Bruxelles, 6 giugno 2007

Libro verde sul futuro regime comune europeo in materia di asilo

Il regime comune europeo in materia di asilo, quale definito dai programmi di Tampere e dell'Aia, era concepito per essere allestito in due fasi. La prima, che comprendeva quattro strumenti giuridici principali, è ora ultimata. In conformità del programma dell'Aia, gli strumenti della seconda fase dovrebbero essere adottati entro la fine del 2010. Prima di presentare le nuove proposte, con questo libro verde la Commissione intavola un ampio dibattito sul futuro assetto del regime europeo comune in materia di asilo, invitando tutte le parti interessate a esprimere il proprio punto di vista e a formulare suggerimenti costruttivi sulla forma che il regime dovrebbe assumere.

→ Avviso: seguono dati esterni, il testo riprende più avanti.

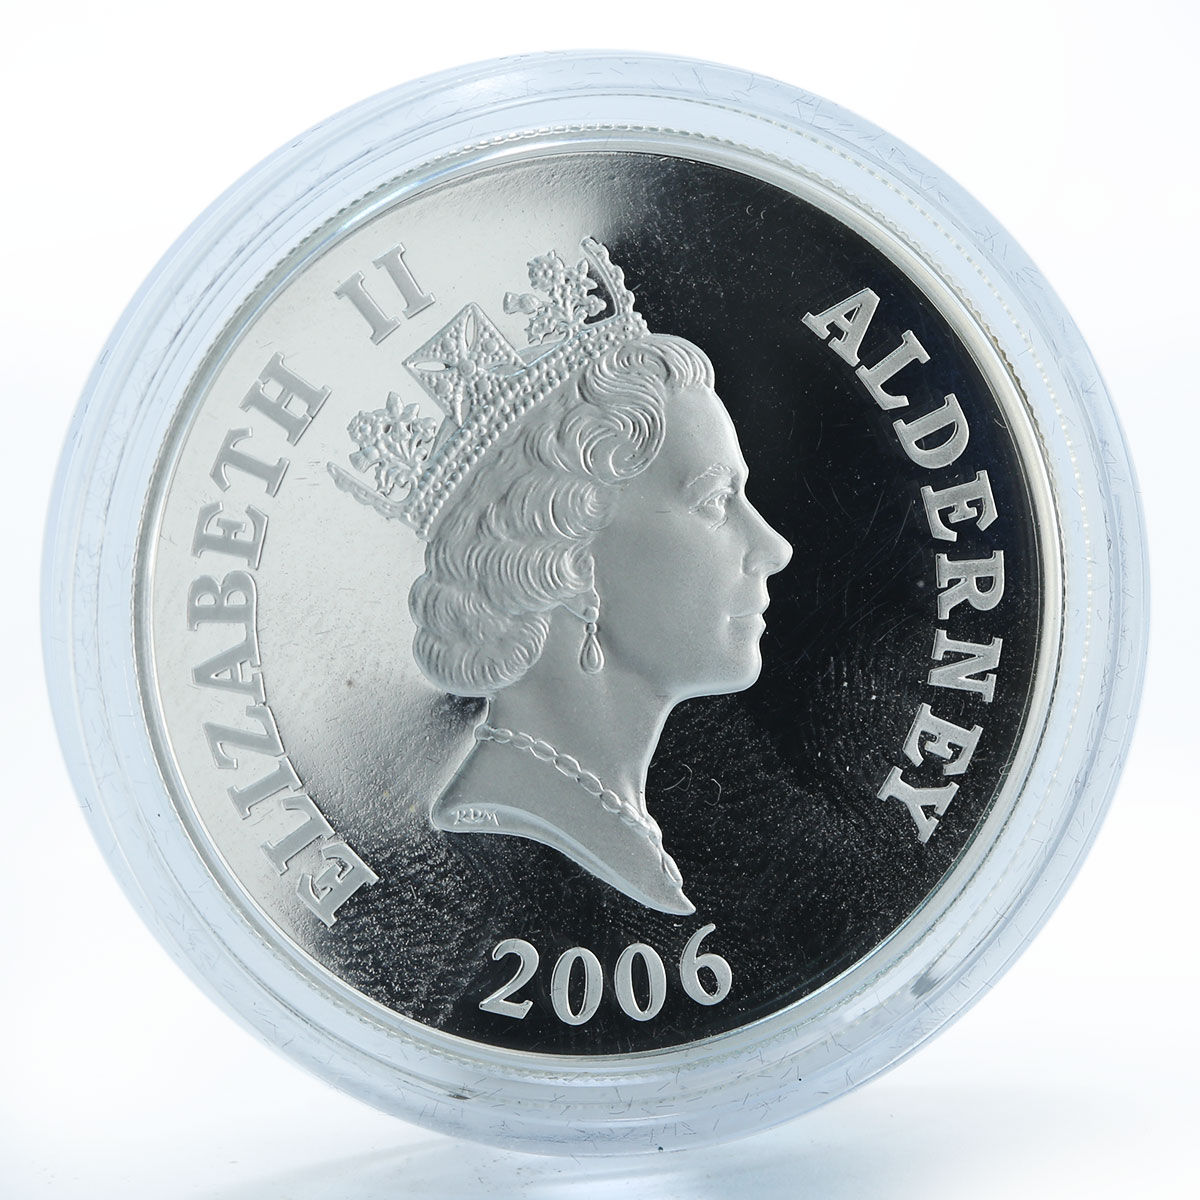 Alderney 5 Pounds Charles Dickens Literature proof silver coin 2006

I quattro elementi costitutivi del regime comune europeo in materia di asilo, previsti nella prima fase, sono stati varati: regolamento (CE) n. 343/2003 ("regolamento di Dublino"), direttiva 2003/9/CE ("direttiva sulle condizioni di accoglienza"), direttiva 2004/83/CE ("direttiva sulla qualifica di rifugiato o di persona altrimenti bisognosa di protezione internazionale") e direttiva 85/2005/CE ("direttiva sulle procedure per il riconoscimento e la revoca dello status di rifugiato"). Questi strumenti legislativi mirano a unificare le norme applicabili, ovvero a istituire un sistema che garantisca alle persone autenticamente bisognose di essere protette l'accesso a un livello elevato di protezione in base a requisiti equivalenti in tutti gli Stati membri, e al tempo stesso a far avere un trattamento equo ed efficiente a quanti non rispondono ai criteri per beneficiare di una protezione specifica.

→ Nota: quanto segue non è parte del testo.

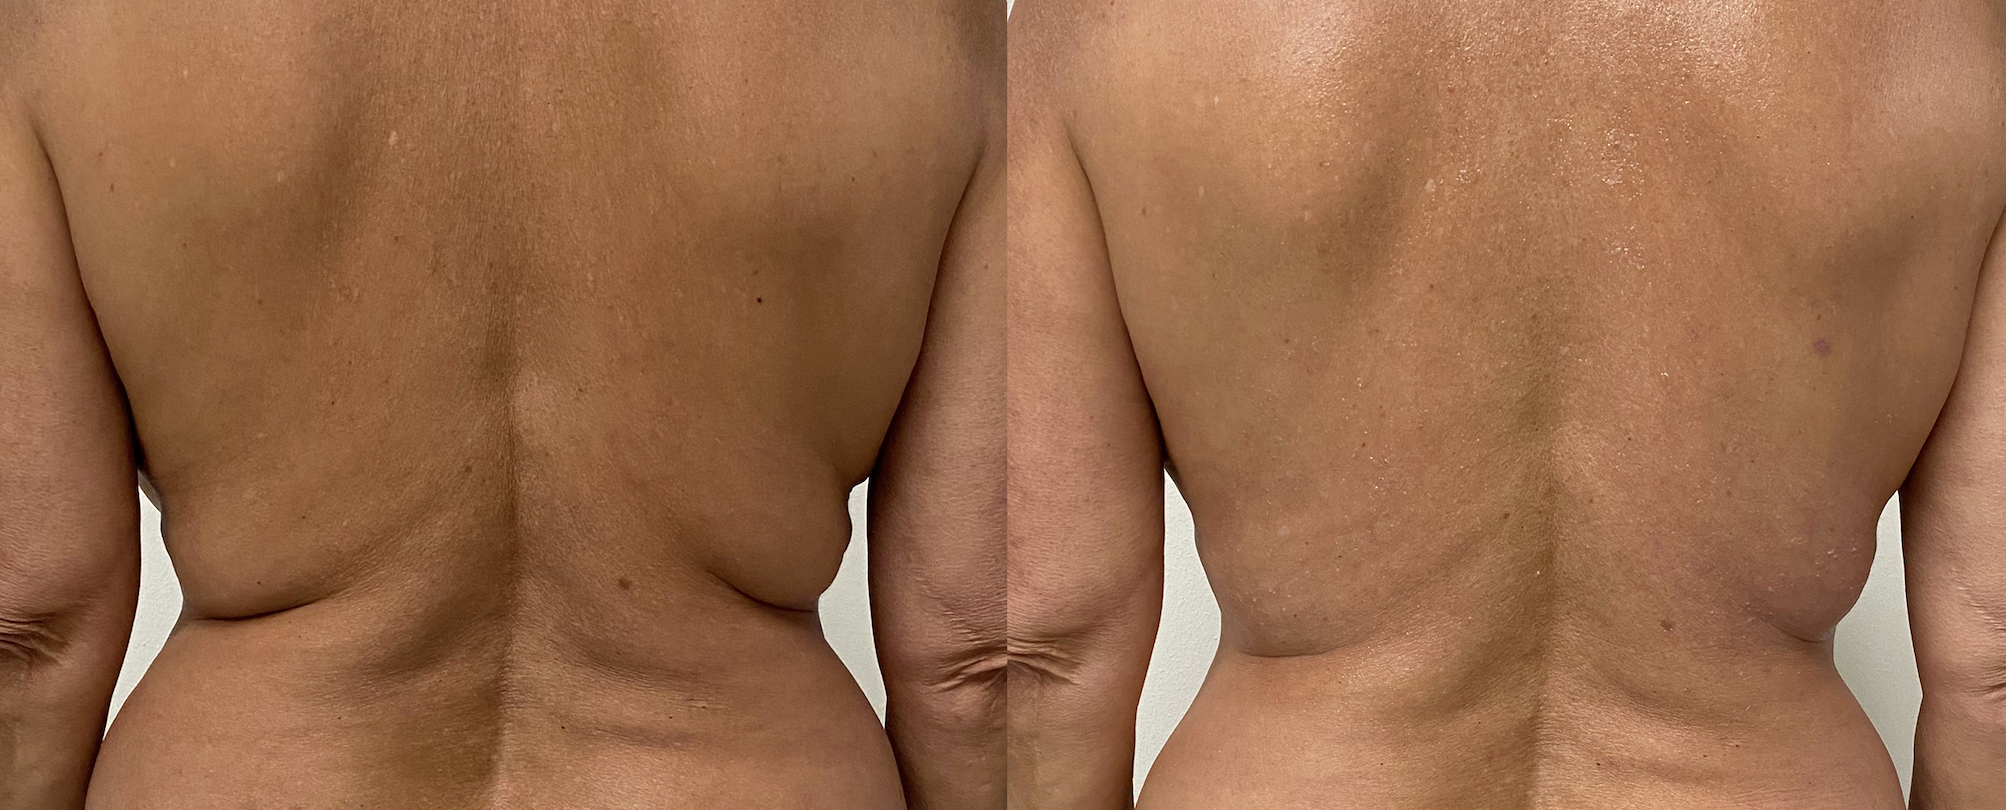 before and after image of a patients back

L'obiettivo ultimo del regime comune europeo in materia di asilo, quale prospettato dal programma dell'Aia, consiste nell'istituire una procedura comune e uno status uniforme per tutte le persone bisognose di protezione internazionale, validi all'interno dell'intera Unione. Per concretare questo obiettivo, il programma dell'Aia invitava la Commissione a presentare gli strumenti per la seconda fase al Consiglio e al Parlamento europeo per tempo, onde permetterne l'adozione entro la fine del 2010.

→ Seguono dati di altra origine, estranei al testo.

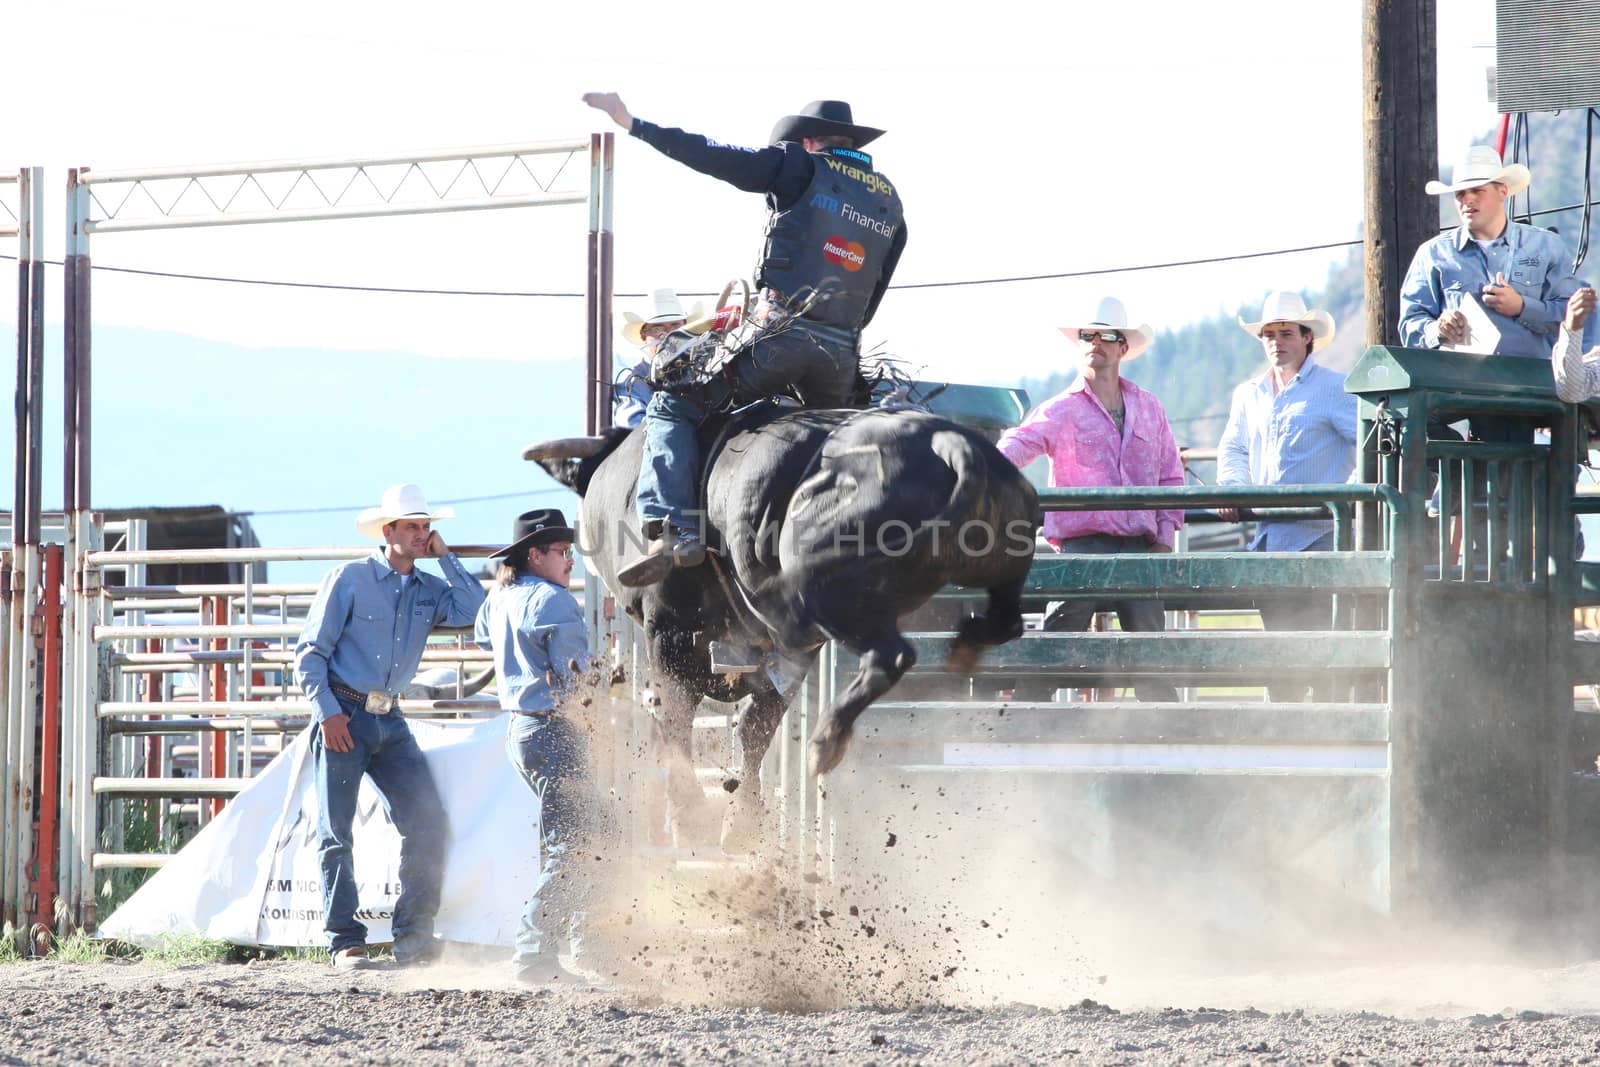 Ty Pozzobon Invitational PBR by vanell

Il libro verde illustra in dettaglio un'ampia serie di problematiche da affrontare nella seconda fase, e individua in particolare quattro settori principali nei quali è necessario prendere ulteriori provvedimenti, settori che costituiscono i quattro capitoli principali del testo: strumenti legislativi; misure attuative di accompagnamento; solidarietà e ripartizione degli oneri; dimensione esterna della politica di asilo.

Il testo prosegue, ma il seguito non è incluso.